When I eat an entire pan of enchiladas myself, I know that I have to share the recipe. Not only did I eat the entire pan myself, but I was actually sad to see the last one gone – that’s not how I usually feel after days of eating the same thing over and over again. Trust me, these are goooooooood. Gina’s Skinny Taste recipe for Butternut Squash and Black Bean Enchiladas took longer to make than most of my weeknight dinners but it was worth the wait. I ate myself sick the first night (they were so good, I just couldn’t stop), and they tasted even better the second day for lunch and the following night for dinner. I filled my tortillas a little fatter than she did and topped mine with fresh avocado, but otherwise followed her recipe to the letter. Don’t wait long to make a pan of these!
Here’s a recipe that was easy to prepare but fussy to finish, at least for me. Cooking Light’s Herby Frittata with Vegetables and Goat Cheese is full of great flavor thanks to the fresh dill, chives and goat cheese. It’s simple until it comes to the cooking time. Their recipe claims that the eggs will set up and be ready to eat in 5 minutes. When I followed their instructions, I had a soupy mess that definitely wasn’t pretty.

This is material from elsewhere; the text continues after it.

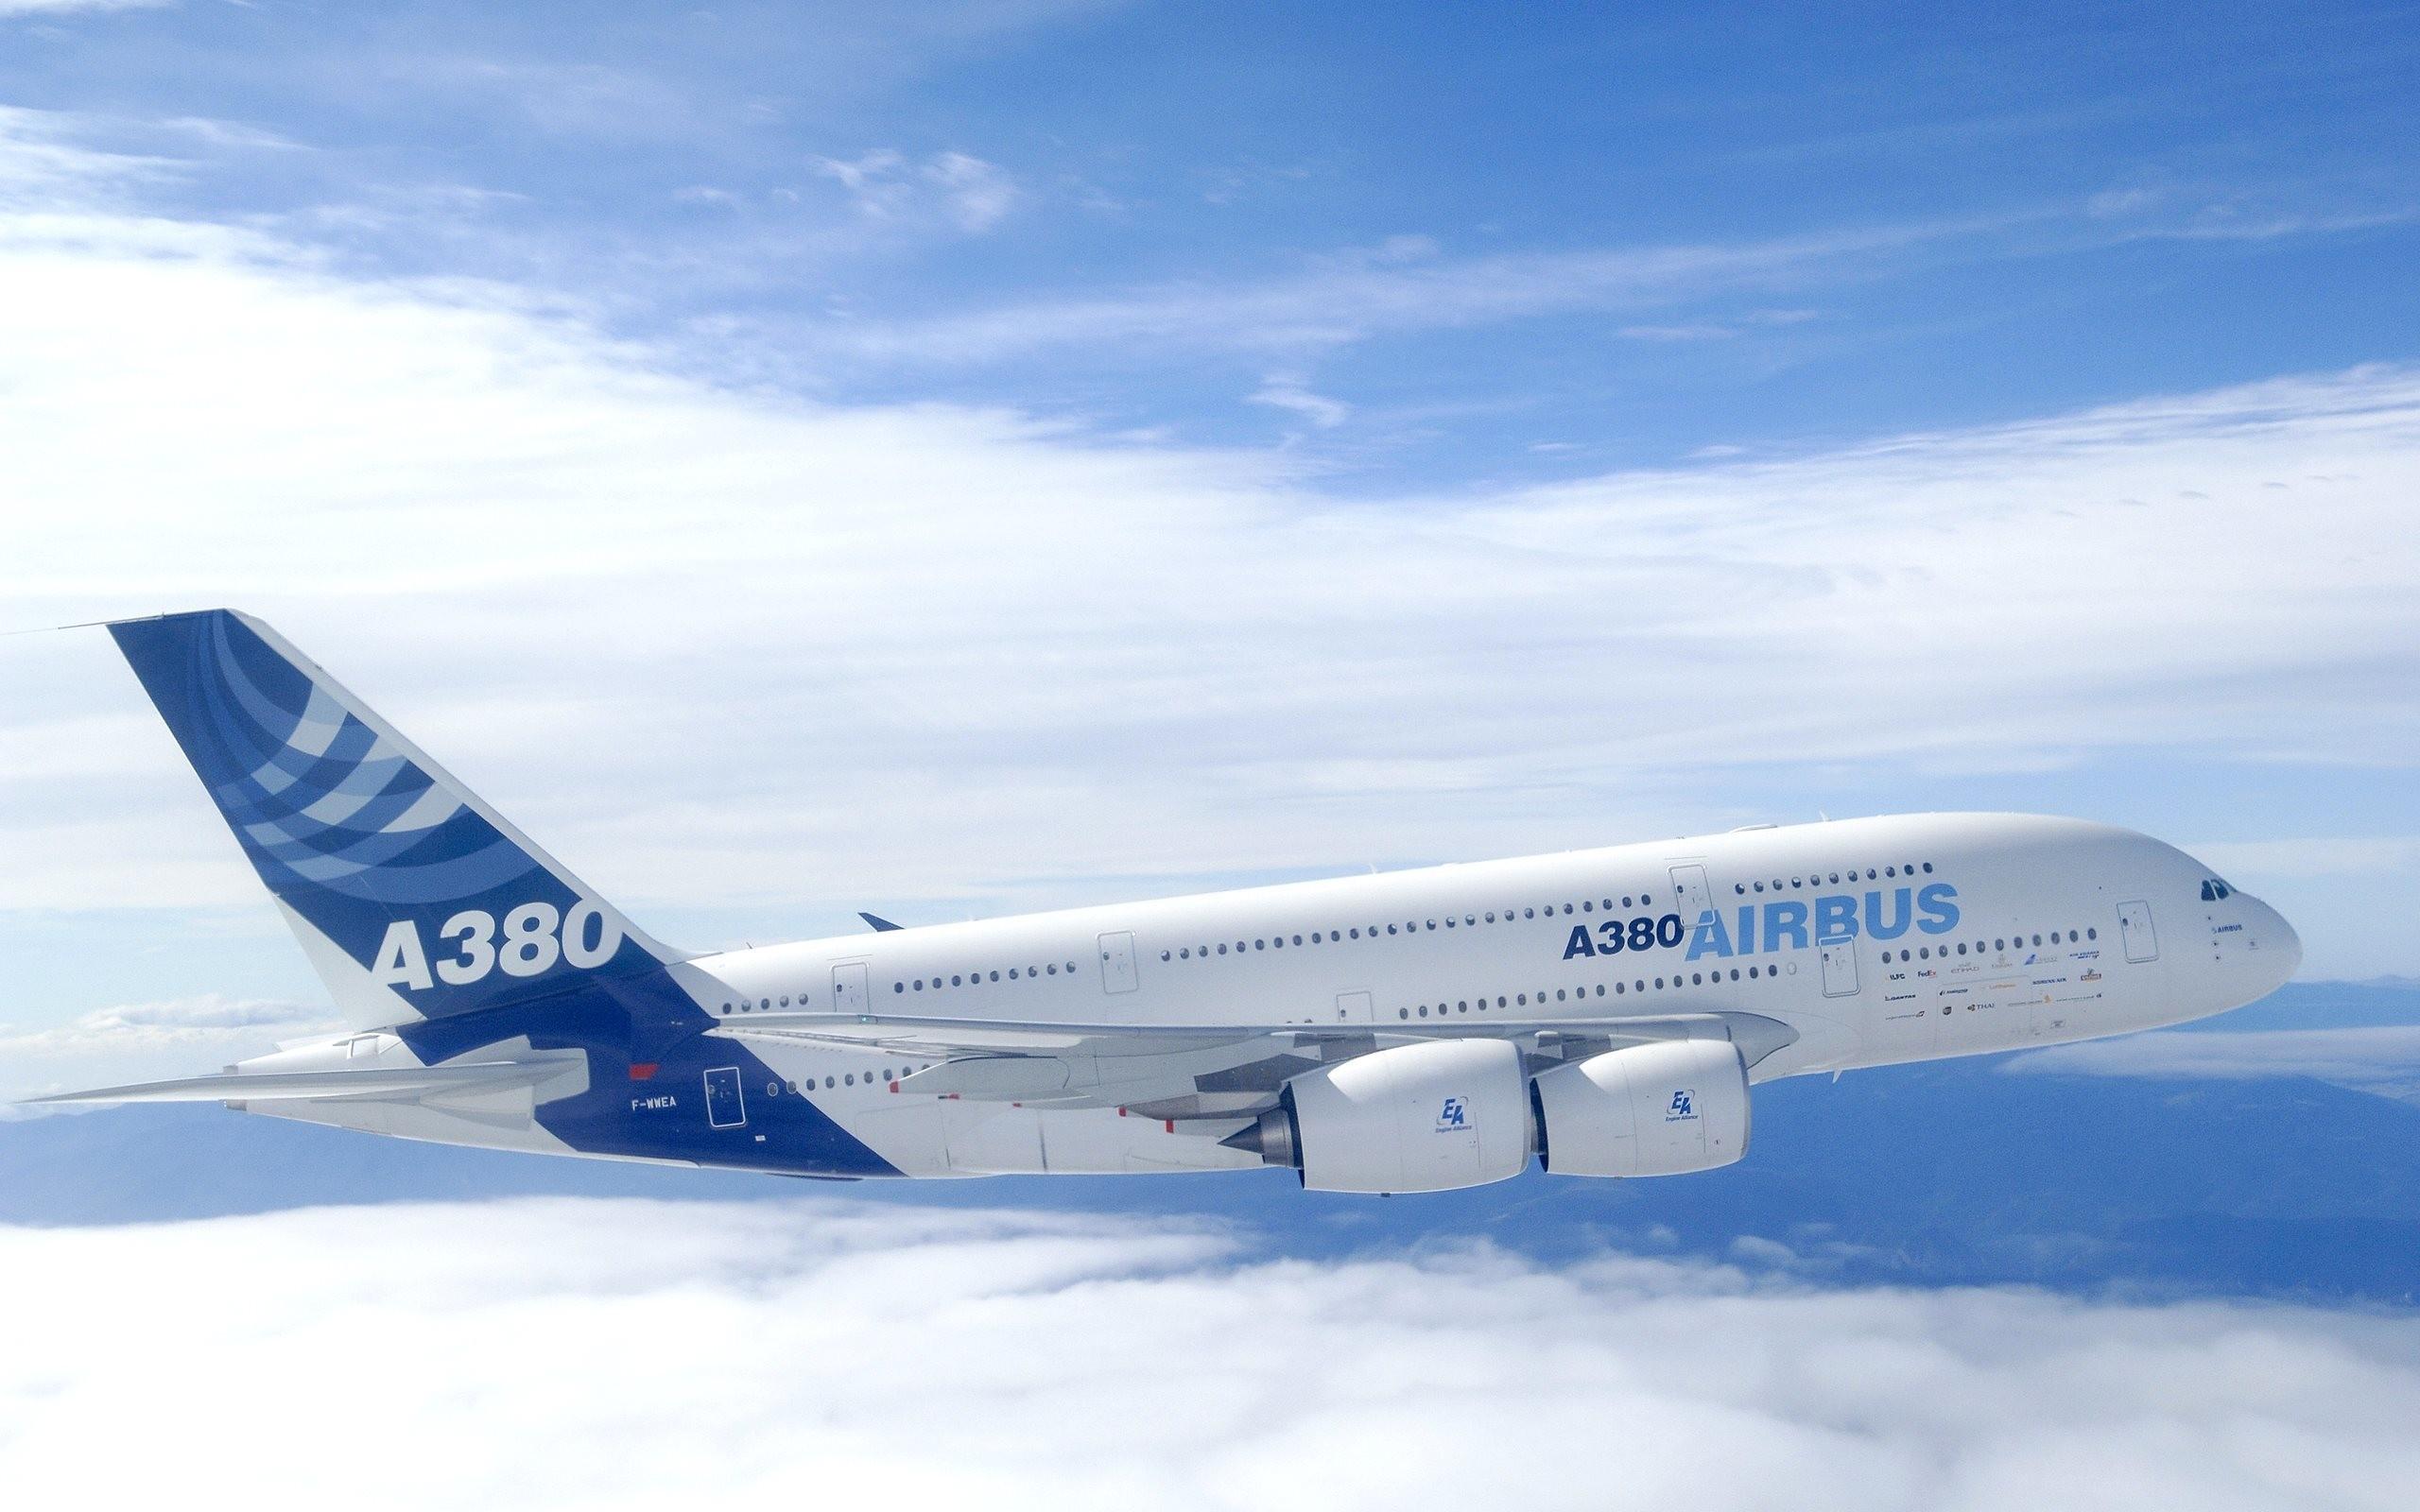 Airbus Wallpaper background picture

Additional stovetop cooking and a second stop under the broiler left my end product a little dried out.
Final ruling? This is yummy and you should try it. Just make sure your eggs are completely set up on the stove before putting them under the broiler.
Another recipe from EatingWell, this Summer Vegetable Pasta with Goat Cheese Medallions was ready in less than an hour. I halved the recipe, used frozen Roma tomatoes, and mixed everything in the same pan that had cooked the noodles – making this a one pot meal.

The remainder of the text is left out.